▸ **PROVIDED DATA**:

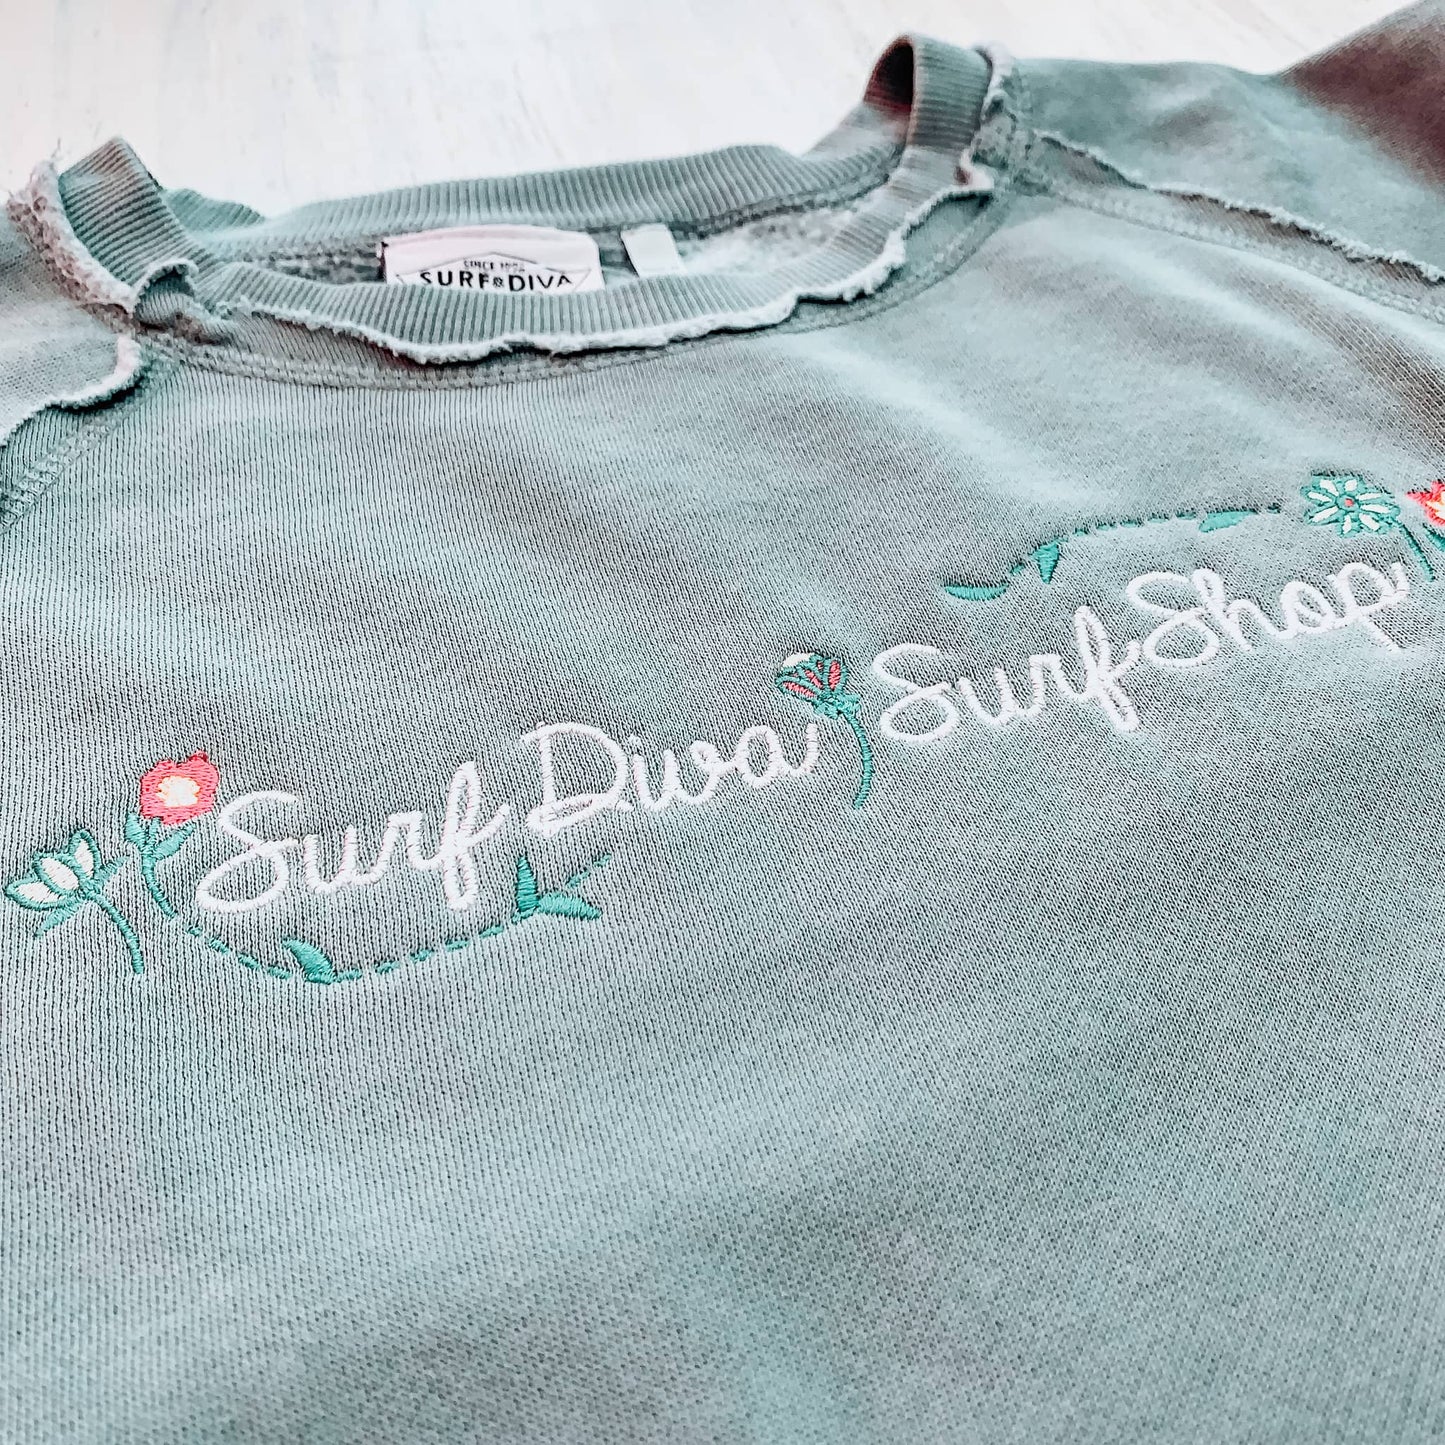 Surf Diva Surf Shop Flowerpoint Embroidery - CREW NECK PULLOVER
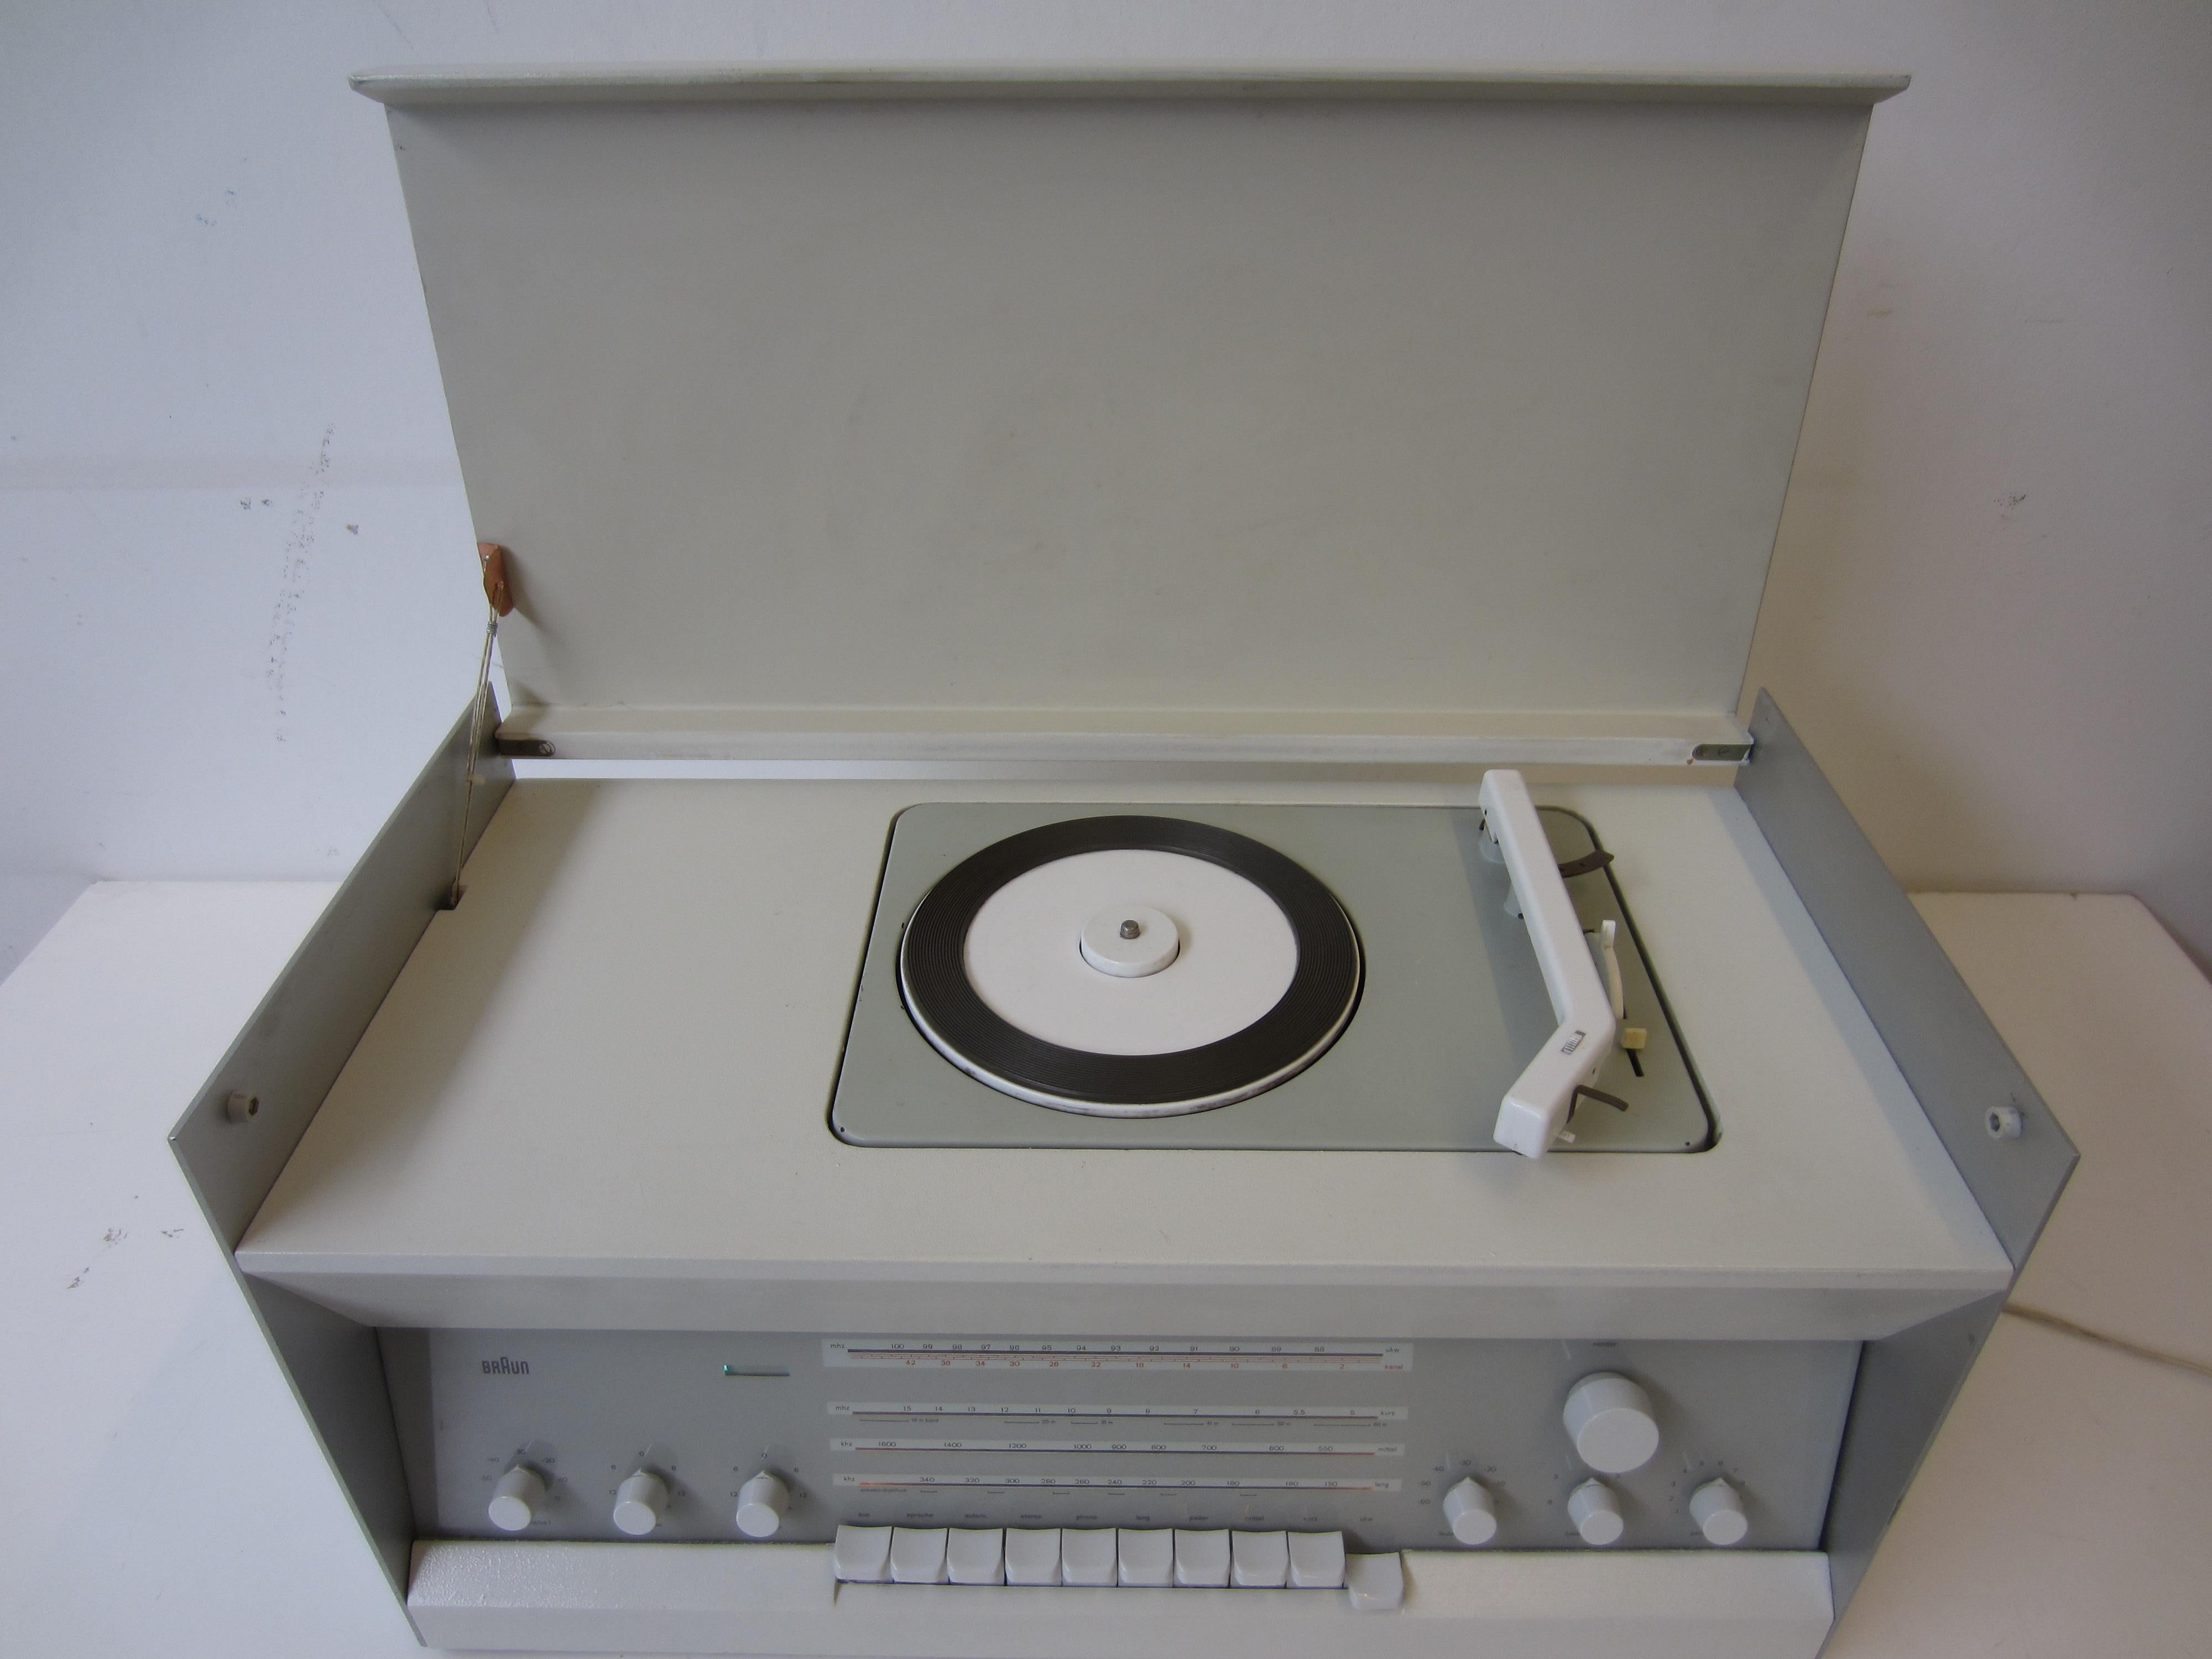 Braun Atelier 3 turntable and radio, model RC 9E designed by Dieter Rams.
Produced by Braun in 1969 and is part of the Atelier project, which replaced aluminum with an asymmetrical face to the receiver module. This transition from natural materials
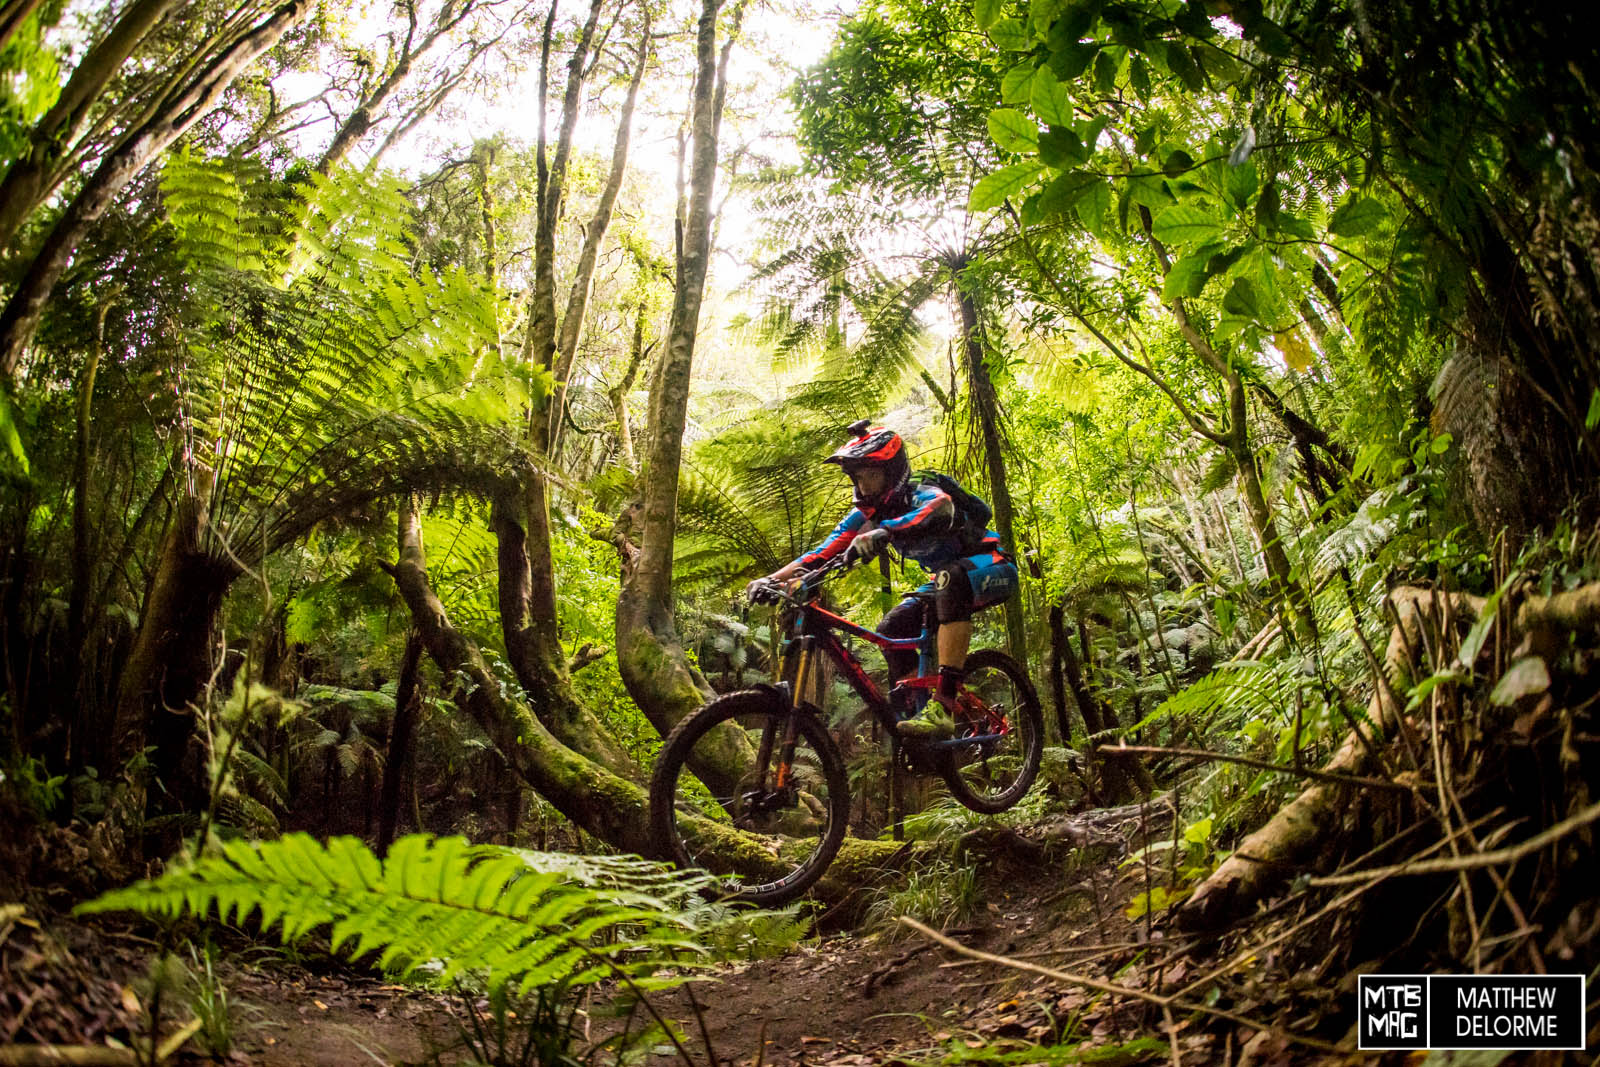 Nico Lau having no troubles in the slick rooty woods.

▸ **WHAT IS BEING ASKED**: The response should be the full material, repeated exactly, with images removed.

▸ **RESPONSE AREA**:
 Surf Diva Surf Shop Flowerpoint Embroidery - CREW NECK PULLOVER
 Braun Atelier 3 turntable and radio, model RC 9E designed by Dieter Rams.
Produced by Braun in 1969 and is part of the Atelier project, which replaced aluminum with an asymmetrical face to the receiver module. This transition from natural materials
 Nico Lau having no troubles in the slick rooty woods.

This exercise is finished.